> _What to work on_
In the material below, find the line containing "84461 NY Graffiti" and the line containing "2004 05 FORD". Output those two lines and all lines between them exactly, without pictures.

> _Given data_
▼▼▼
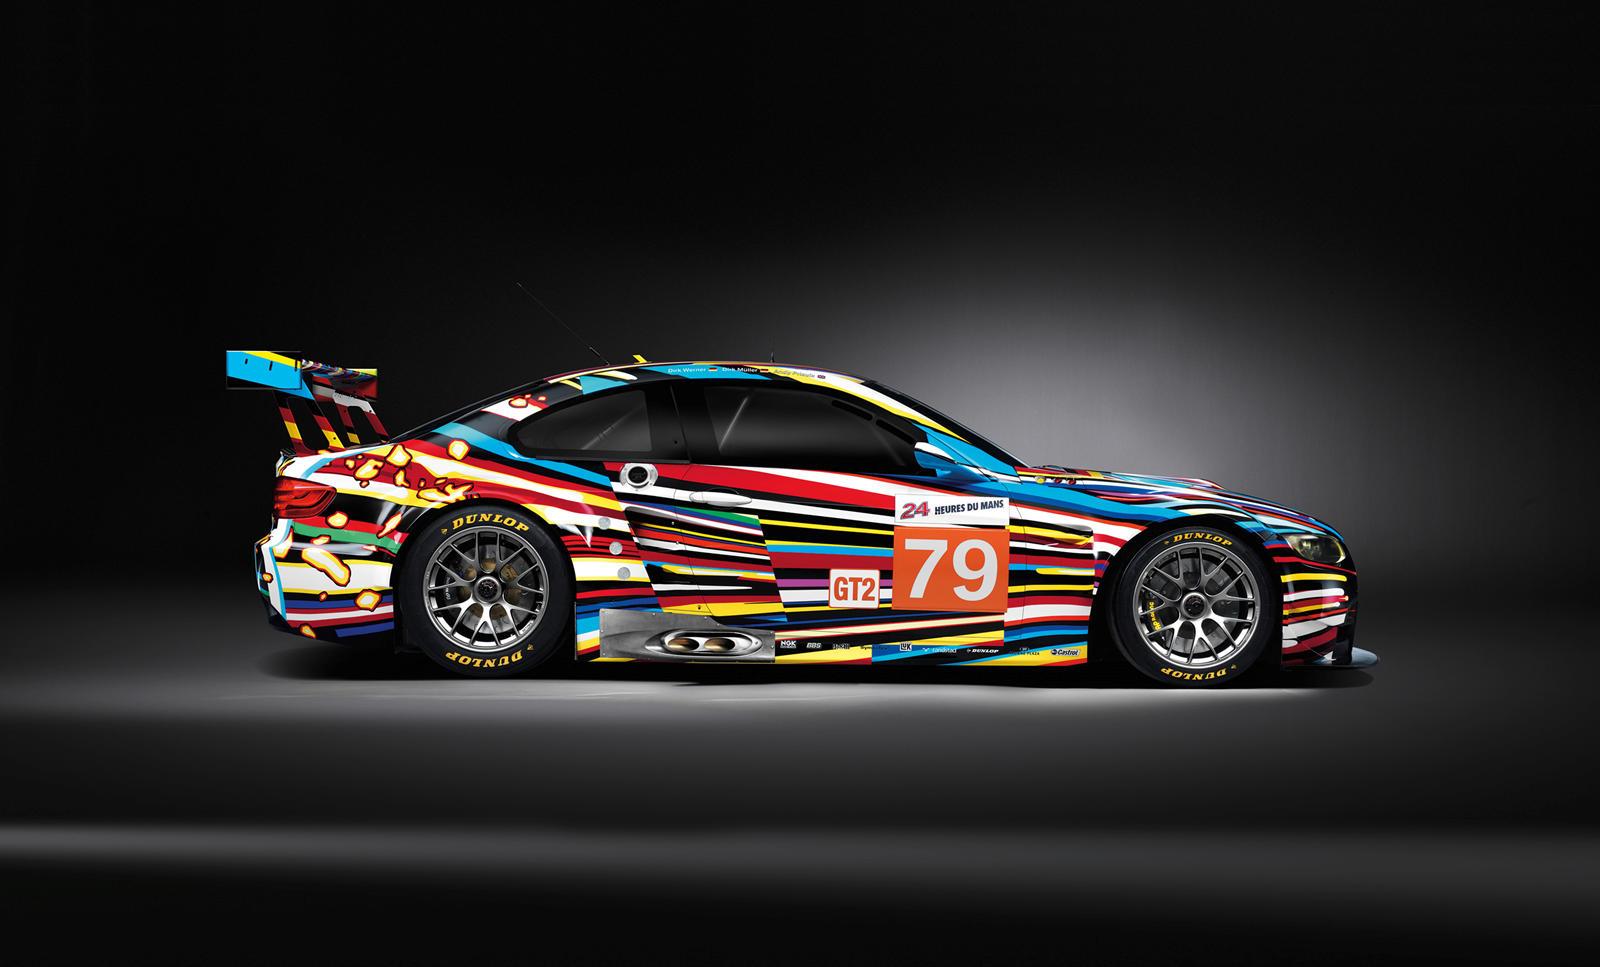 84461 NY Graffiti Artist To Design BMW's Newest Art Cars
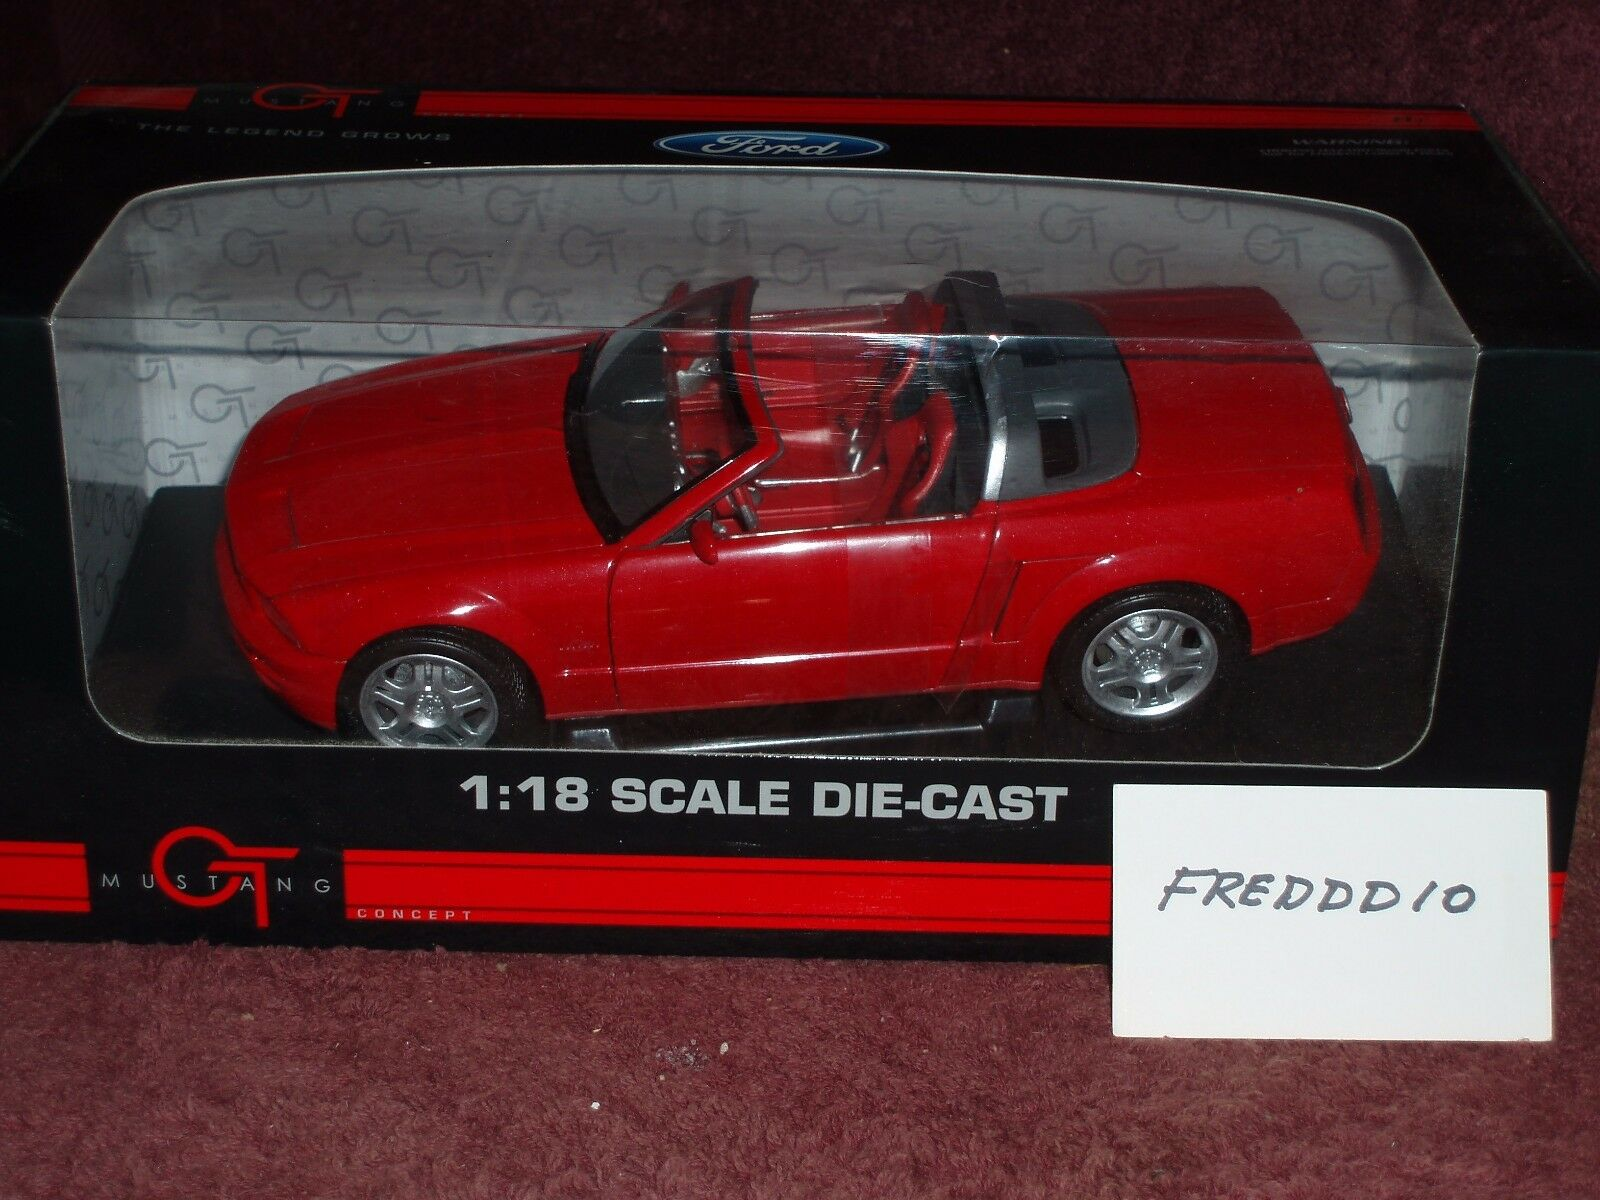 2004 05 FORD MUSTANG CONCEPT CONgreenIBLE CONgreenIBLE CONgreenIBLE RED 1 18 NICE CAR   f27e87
▲▲▲
▼▼▼
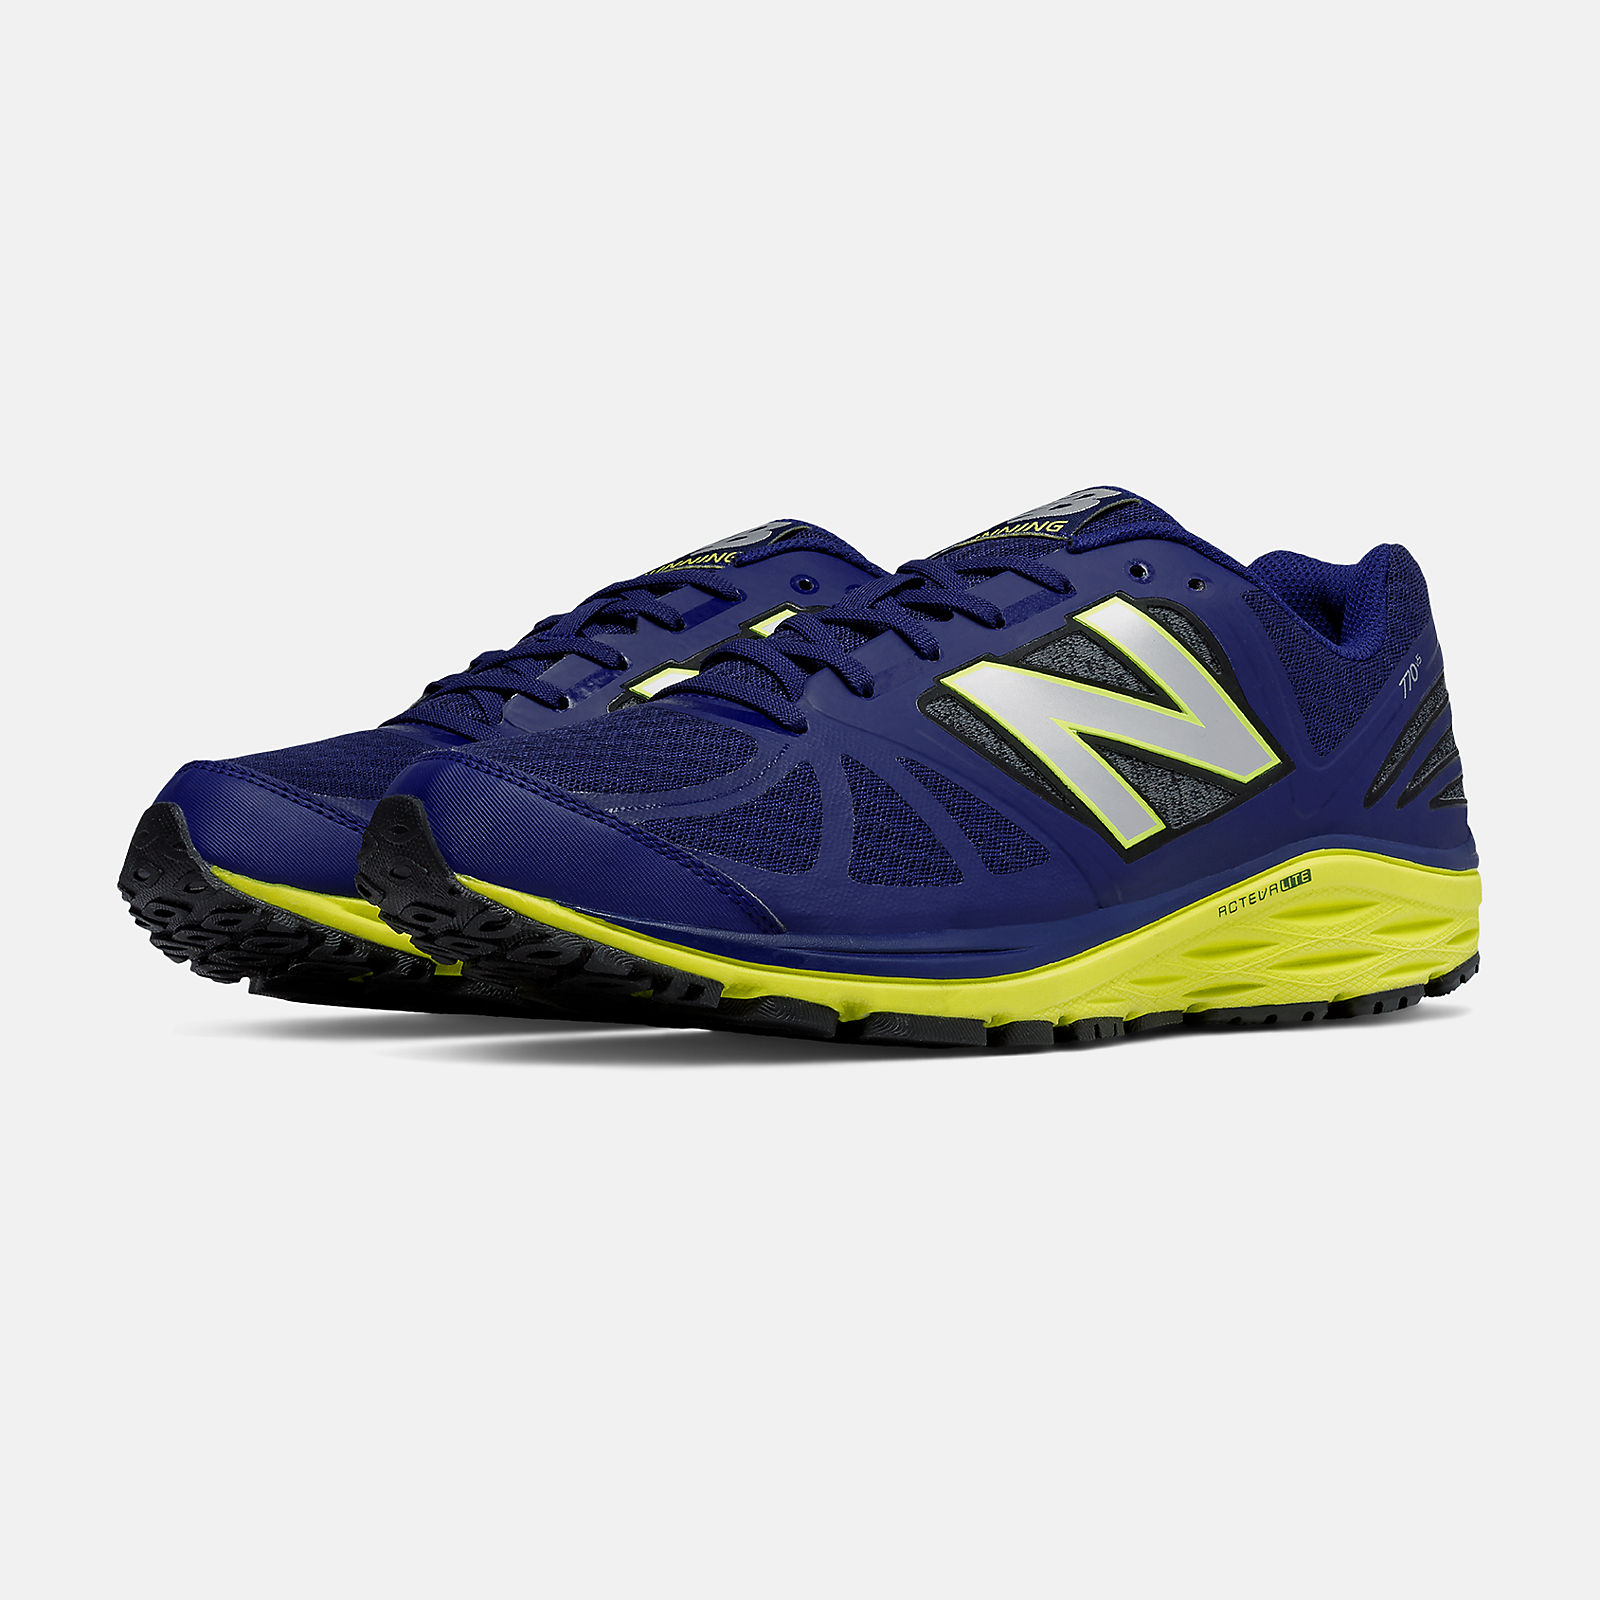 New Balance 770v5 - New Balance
▲▲▲
> _Task response_
 84461 NY Graffiti Artist To Design BMW's Newest Art Cars
 2004 05 FORD MUSTANG CONCEPT CONgreenIBLE CONgreenIBLE CONgreenIBLE RED 1 18 NICE CAR   f27e87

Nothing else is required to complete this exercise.